- Given information -
--*--

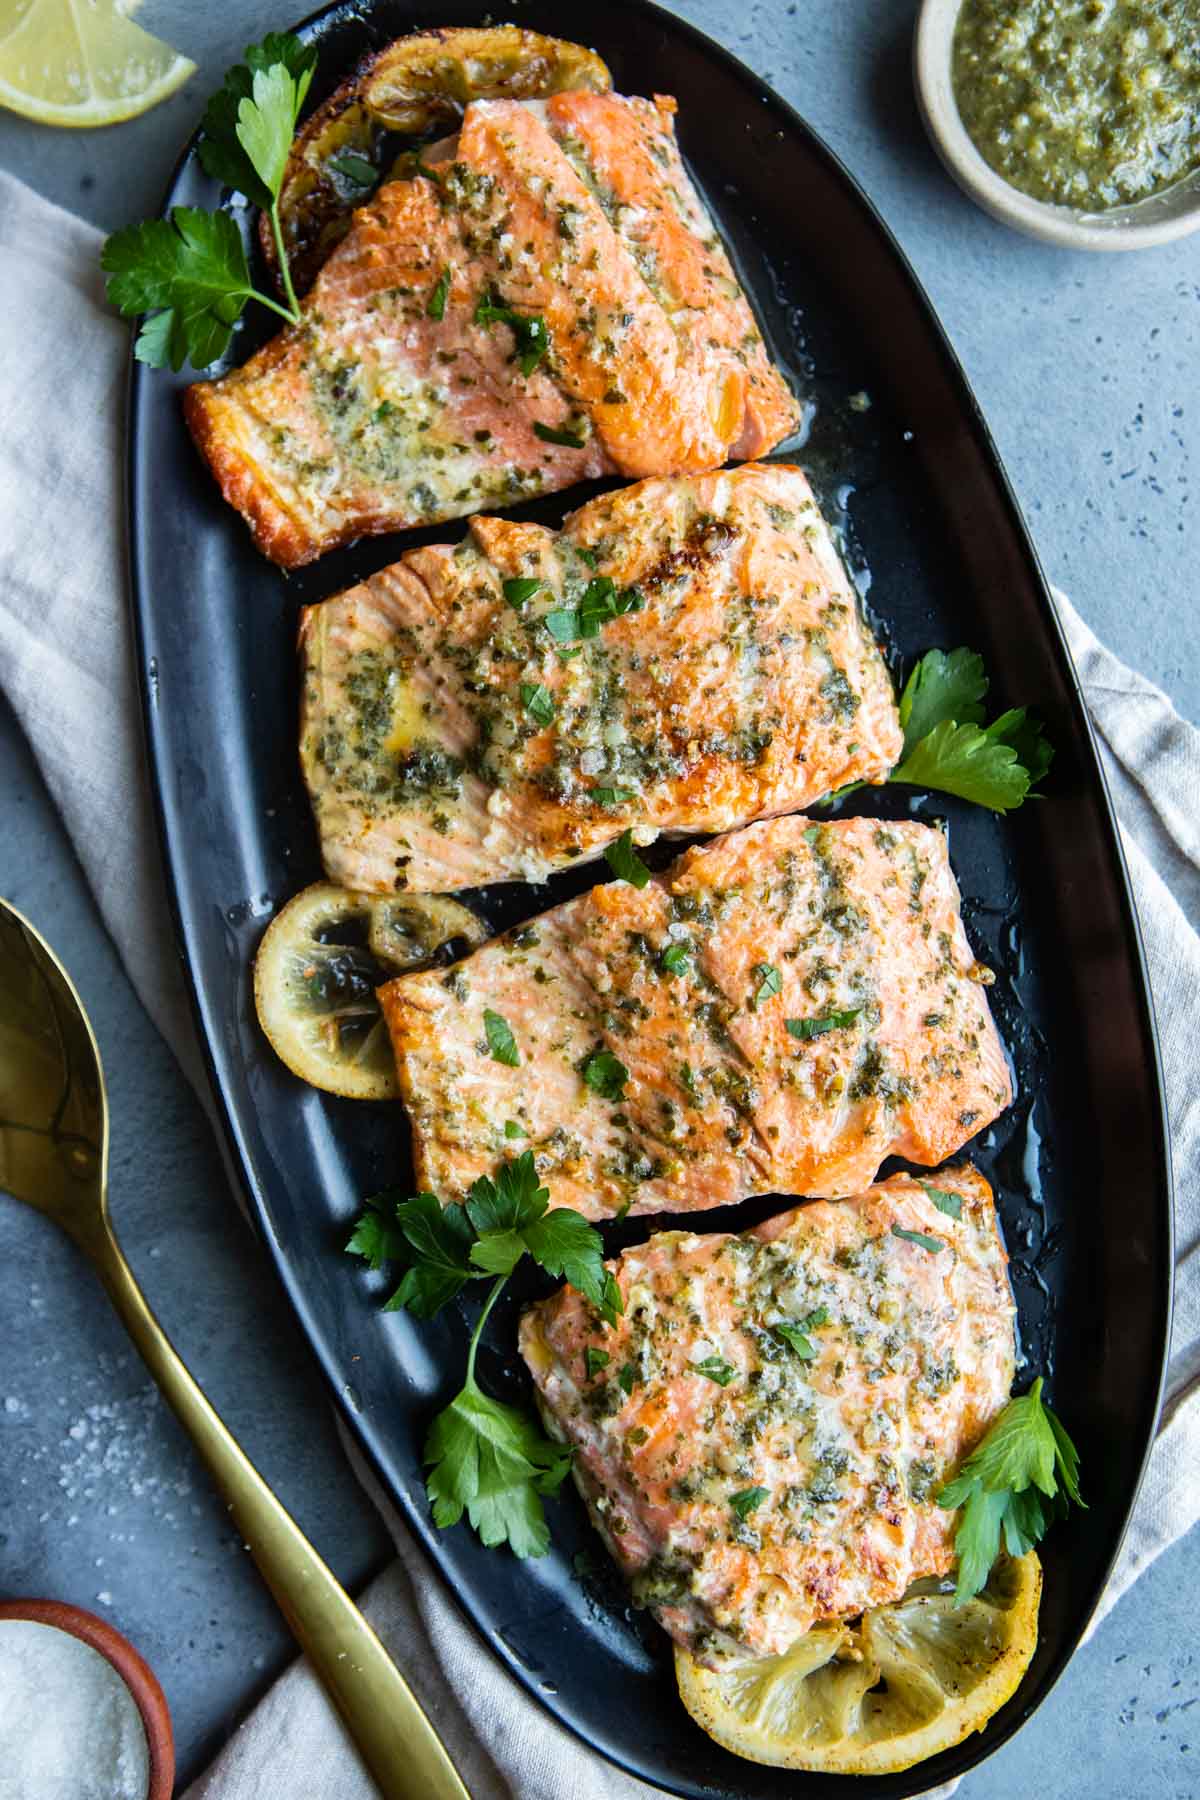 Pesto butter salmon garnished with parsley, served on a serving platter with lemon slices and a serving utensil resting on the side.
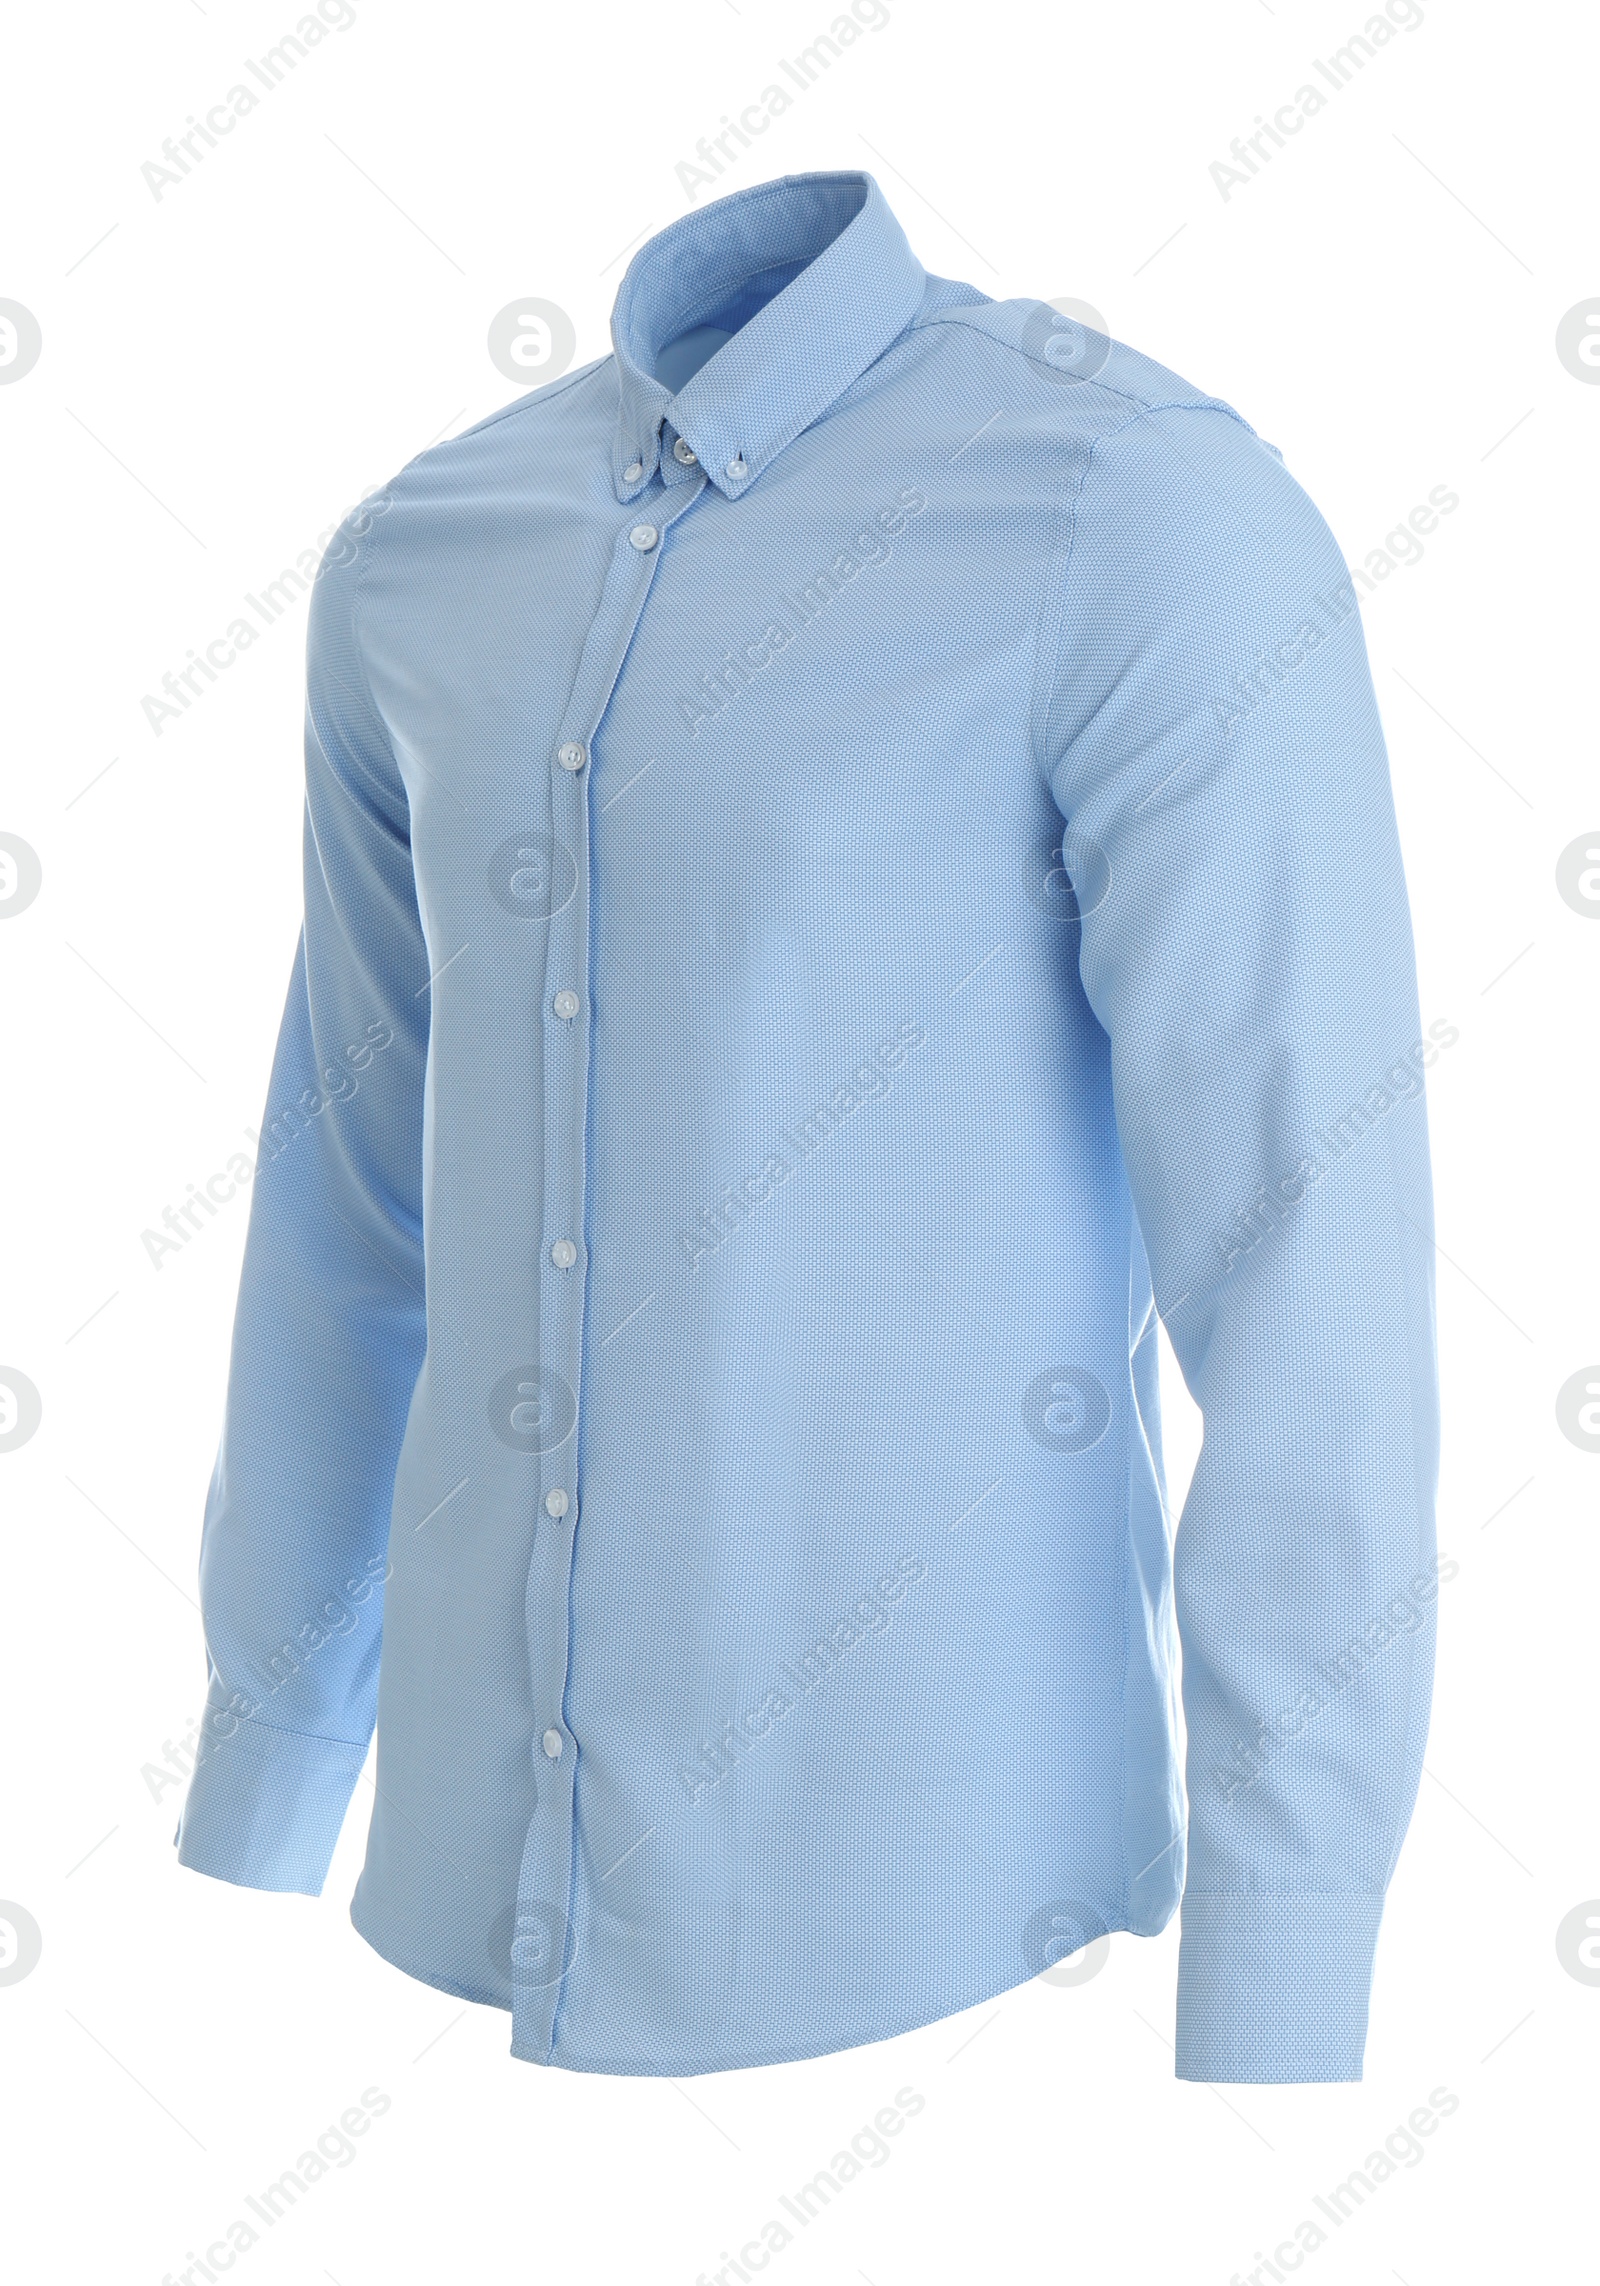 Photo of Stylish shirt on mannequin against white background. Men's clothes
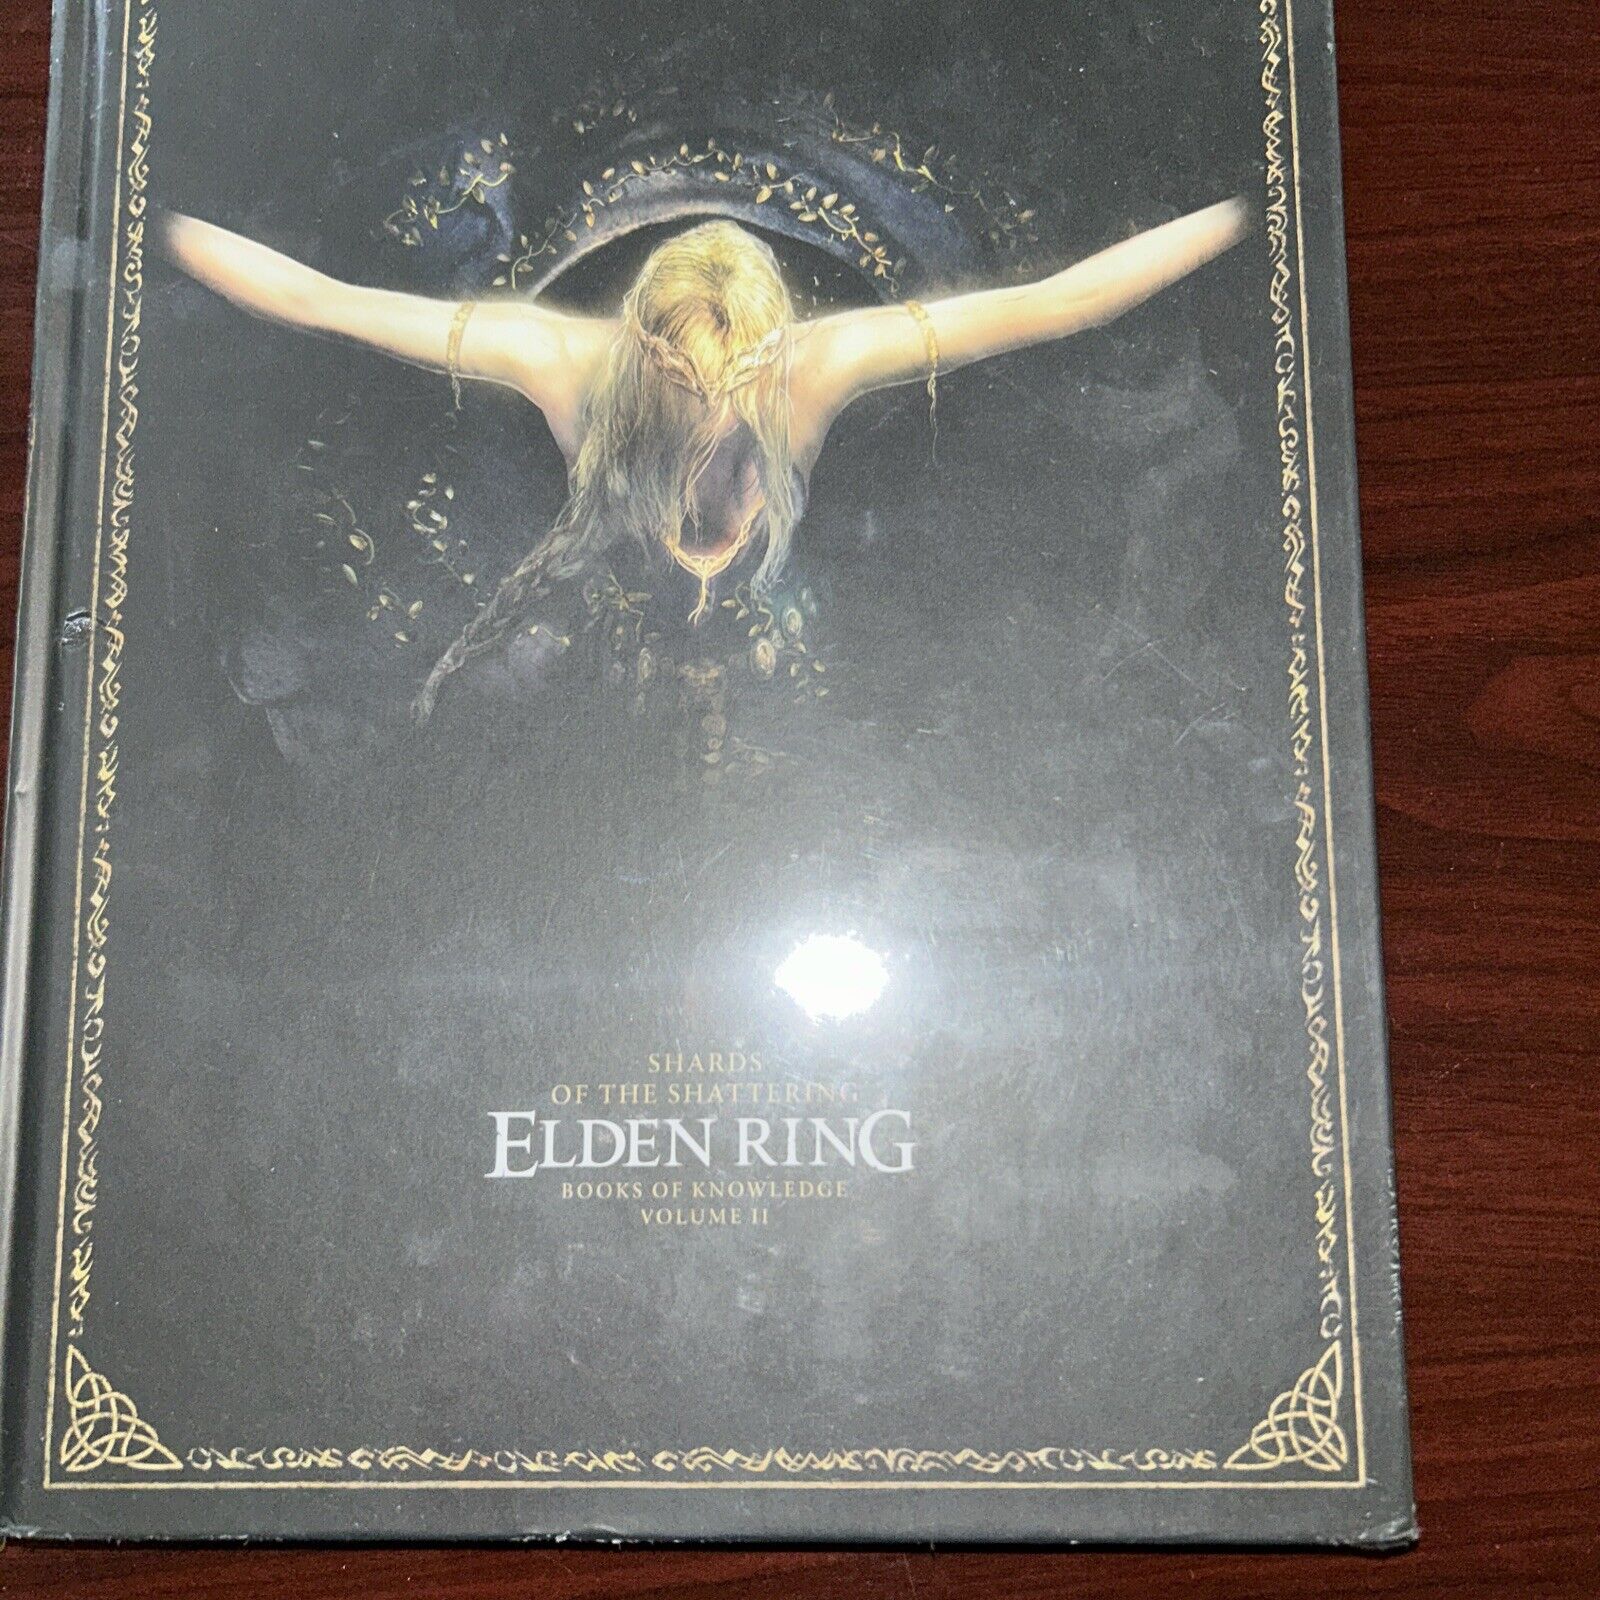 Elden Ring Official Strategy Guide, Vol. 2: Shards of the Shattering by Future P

--*--

- Your goal -
Omitting the pictures, write out the material above exactly as it stands.

- Answer below -
 Pesto butter salmon garnished with parsley, served on a serving platter with lemon slices and a serving utensil resting on the side.
 Photo of Stylish shirt on mannequin against white background. Men's clothes
 Elden Ring Official Strategy Guide, Vol. 2: Shards of the Shattering by Future P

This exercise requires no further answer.